# Statistical summability $\left(C,1\right)$ and a Korovkin type approximation theorem

## Abstract

The concept of statistical summability $\left(C,1\right)$ has recently been introduced by Móricz [Jour. Math. Anal. Appl. 275, 277-287 (2002)]. In this paper, we use this notion of summability to prove the Korovkin type approximation theorem by using the test functions 1, ${e}^{-x}$, ${e}^{-2x}$. We also give here the rate of statistical summability $\left(C,1\right)$ and apply the classical Baskakov operator to construct an example in support of our main result.

MSC:41A10, 41A25, 41A36, 40A30, 40G15.

## 1 Introduction and preliminaries

In 1951, Fast [6] presented the following definition of statistical convergence for sequences of real numbers. Let $K\subseteq \mathbb{N}$, the set of all natural numbers and ${K}_{n}=\left\{k\le n:k\in K\right\}$. Then the natural density of K is defined by $\delta \left(K\right)={lim}_{n}{n}^{-1}|{K}_{n}|$ if the limit exists, where the vertical bars indicate the number of elements in the enclosed set. The sequence $x=\left({x}_{k}\right)$ is said to be statistically convergent to L if for every $ϵ;0$, the set ${K}_{ϵ}:=\left\{k\in \mathbb{N}:|{x}_{k}-L|\ge ϵ\right\}$ has natural density zero, i.e., for each $ϵ;0$,

$\underset{n}{lim}\frac{1}{n}|\left\{j\le n:|{x}_{j}-L|\ge ϵ\right\}|=0.$

In this case, we write $L=\mathit{st}\text{-}limx$. Note that every convergent sequence is statistically convergent but not conversely. Define the sequence $w=\left({w}_{n}\right)$ by

${w}_{n}=\left\{\begin{array}{ll}1& \text{if}n={k}^{2},k\in \mathbb{N},\\ 0& \text{otherwise.}\end{array}$
(1.1)

Then x is statistically convergent to 0 but not convergent.
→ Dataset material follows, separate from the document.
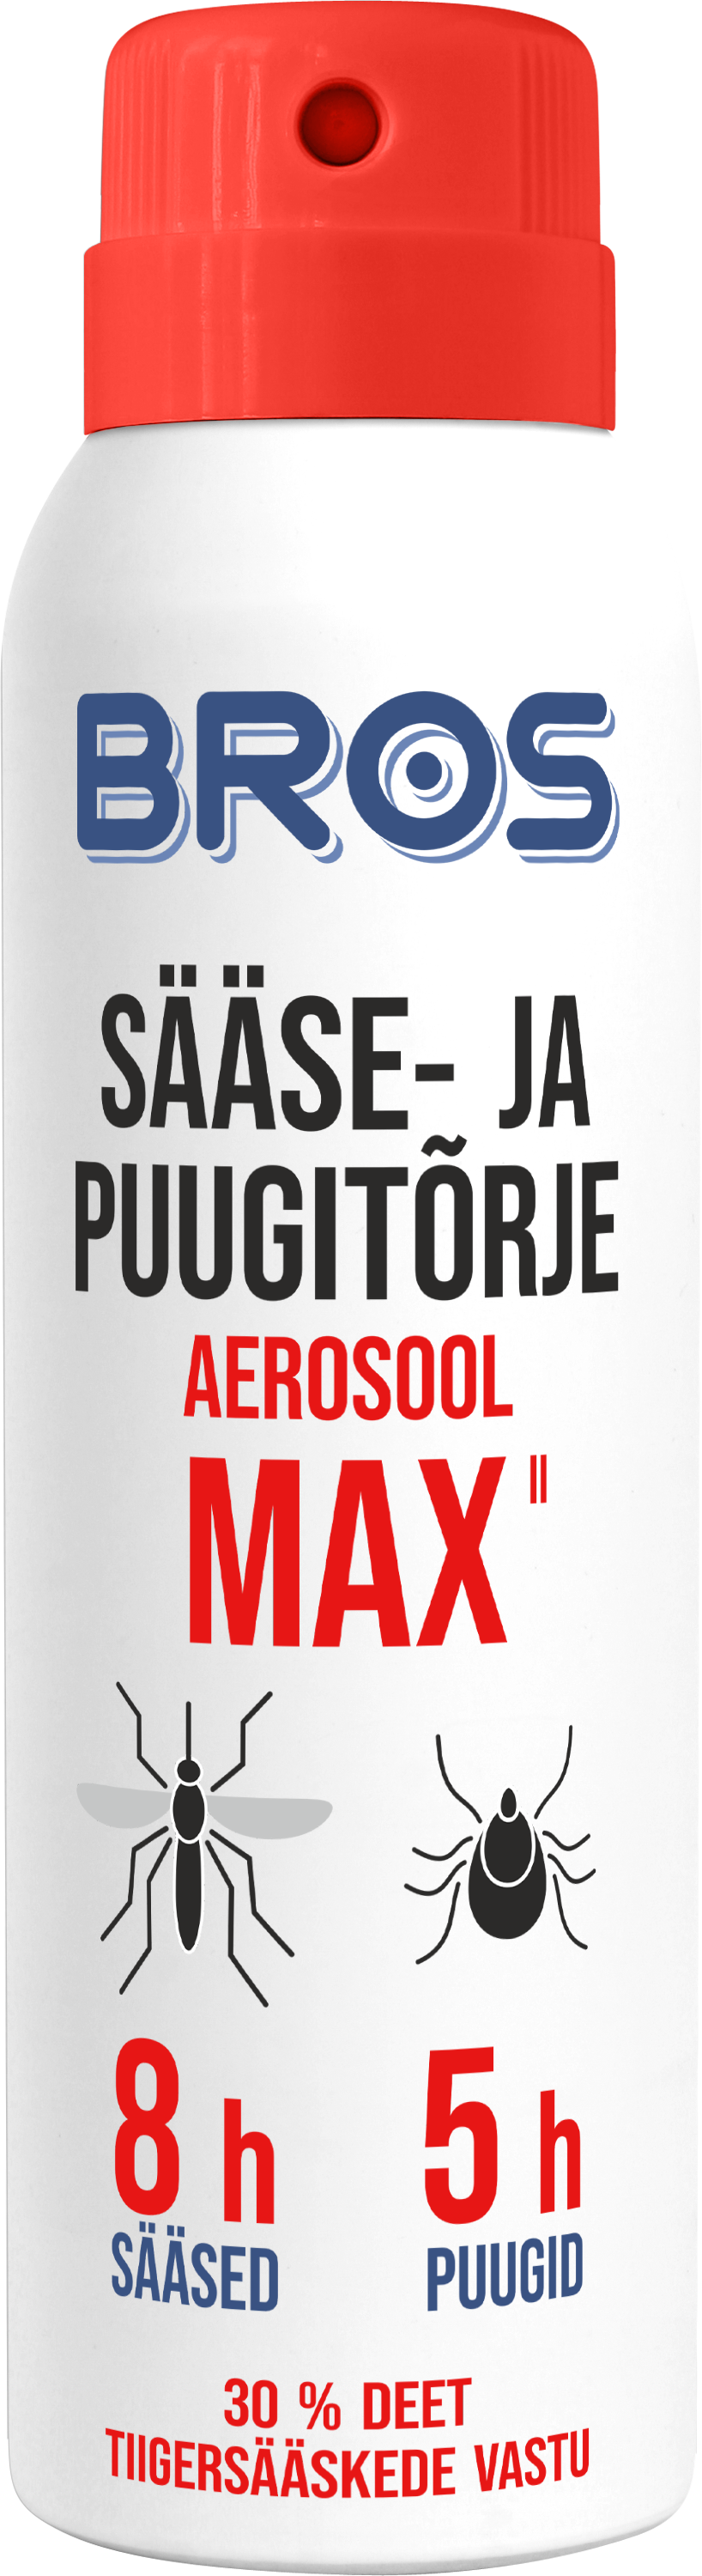 Aerosool sääse- ja puugitõrje MAX 90ml BROS
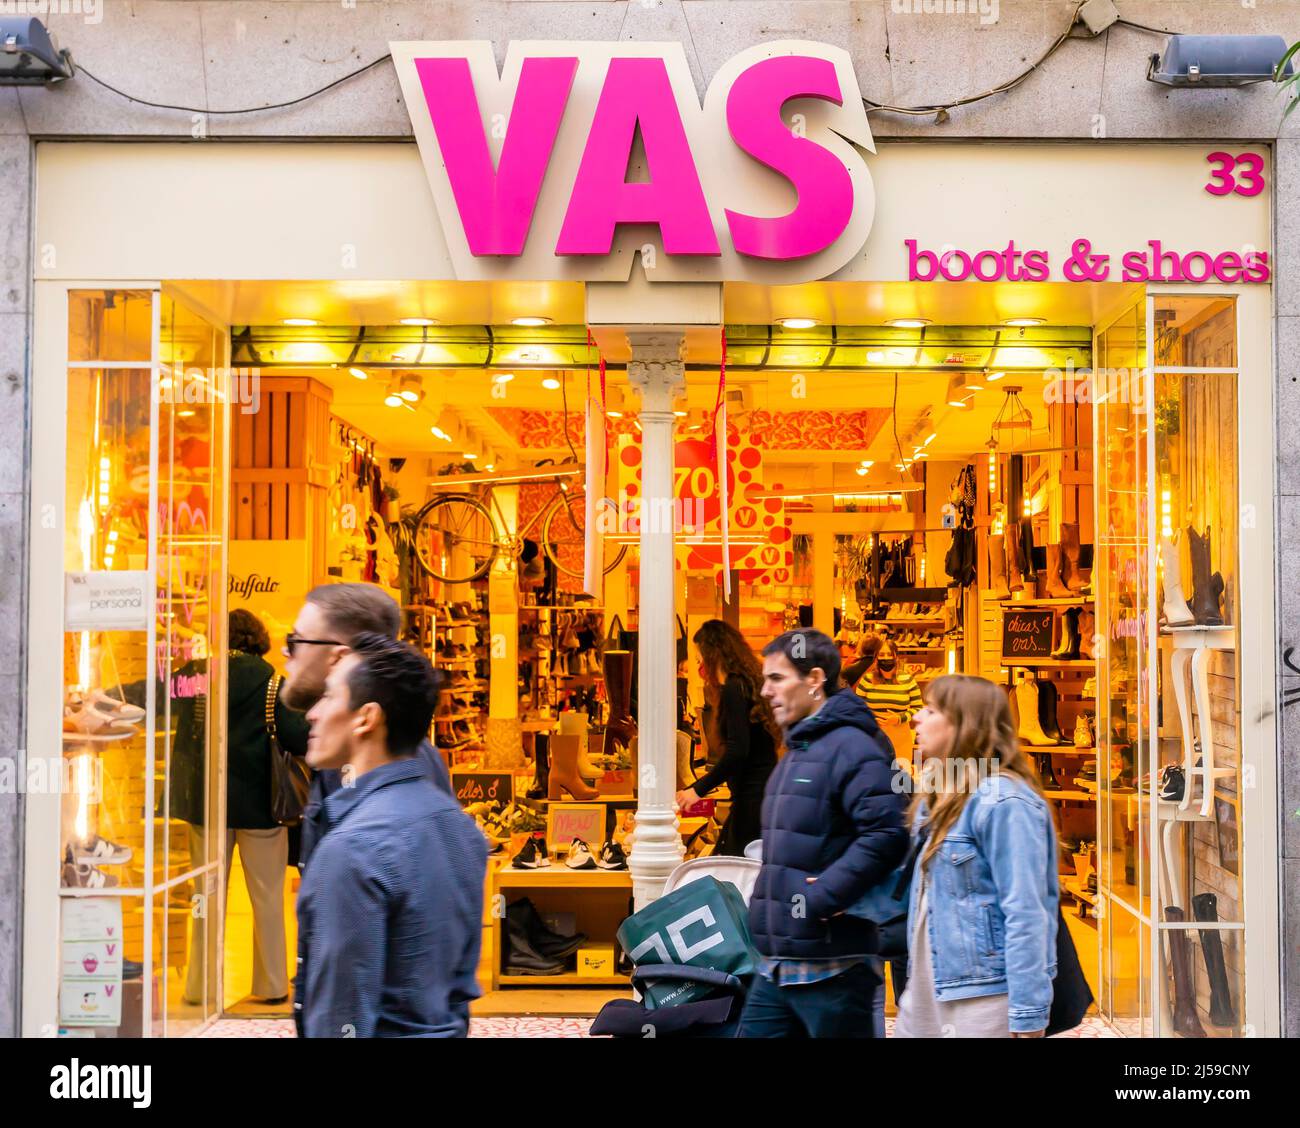 VAS, magasin de chaussures à Malasana, Madrid, Espagne Banque D'Images

Recently, Móricz [12] has defined the concept of statistical summability $\left(C,1\right)$ as follows:

For a sequence $x=\left({x}_{k}\right)$, let us write ${t}_{n}=\frac{1}{n+1}{\sum }_{k=0}^{n}{x}_{k}$. We say that a sequence $x=\left({x}_{k}\right)$ is statistically summable$\left(C,1\right)$ if $\mathit{st}\text{-}{lim}_{n\to \mathrm{\infty }}{t}_{n}=L$. In this case, we write $L={C}_{1}\left(\mathit{st}\right)\text{-}limx$.

In the following example, we exhibit that a sequence is statistically summable $\left(C,1\right)$ but not statistically convergent. Define the sequence $x=\left({x}_{k}\right)$ by

${x}_{k}=\left\{\begin{array}{ll}1& \text{if}k={m}^{2}-m,{m}^{2}-m+1,\dots ,{m}^{2}-1,\\ -m& \text{if}k={m}^{2},m=2,3,4,\dots ,\\ 0& \text{otherwise.}\end{array}$
(1.2)

Then

$\begin{array}{rcl}{t}_{n}& =& \frac{1}{n+1}\sum _{k=0}^{n}{x}_{k}\\ =& \left\{\begin{array}{ll}\frac{s+1}{n+1}& \text{if}n={m}^{2}-m+s;s=0,1,2,\dots ,m-1;m=2,3,\dots ,\\ 0& \text{otherwise.}\end{array}\end{array}$
(1.3)

It is easy to see that ${lim}_{n\to \mathrm{\infty }}{t}_{n}=0$ and hence $\mathit{st}\text{-}{lim}_{n\to \mathrm{\infty }}{t}_{n}=0$, i.e., a sequence $x=\left({x}_{k}\right)$ is statistically summable $\left(C,1\right)$ to 0. On the other hand $\mathit{st}\text{-}lim{inf}_{k\to \mathrm{\infty }}{x}_{k}=0$ and $\mathit{st}\text{-}lim{sup}_{k\to \mathrm{\infty }}{x}_{k}=1$, since the sequence ${\left({m}^{2}\right)}_{m=2}^{\mathrm{\infty }}$ is statistically convergent to 0. Hence $x=\left({x}_{k}\right)$ is not statistically convergent.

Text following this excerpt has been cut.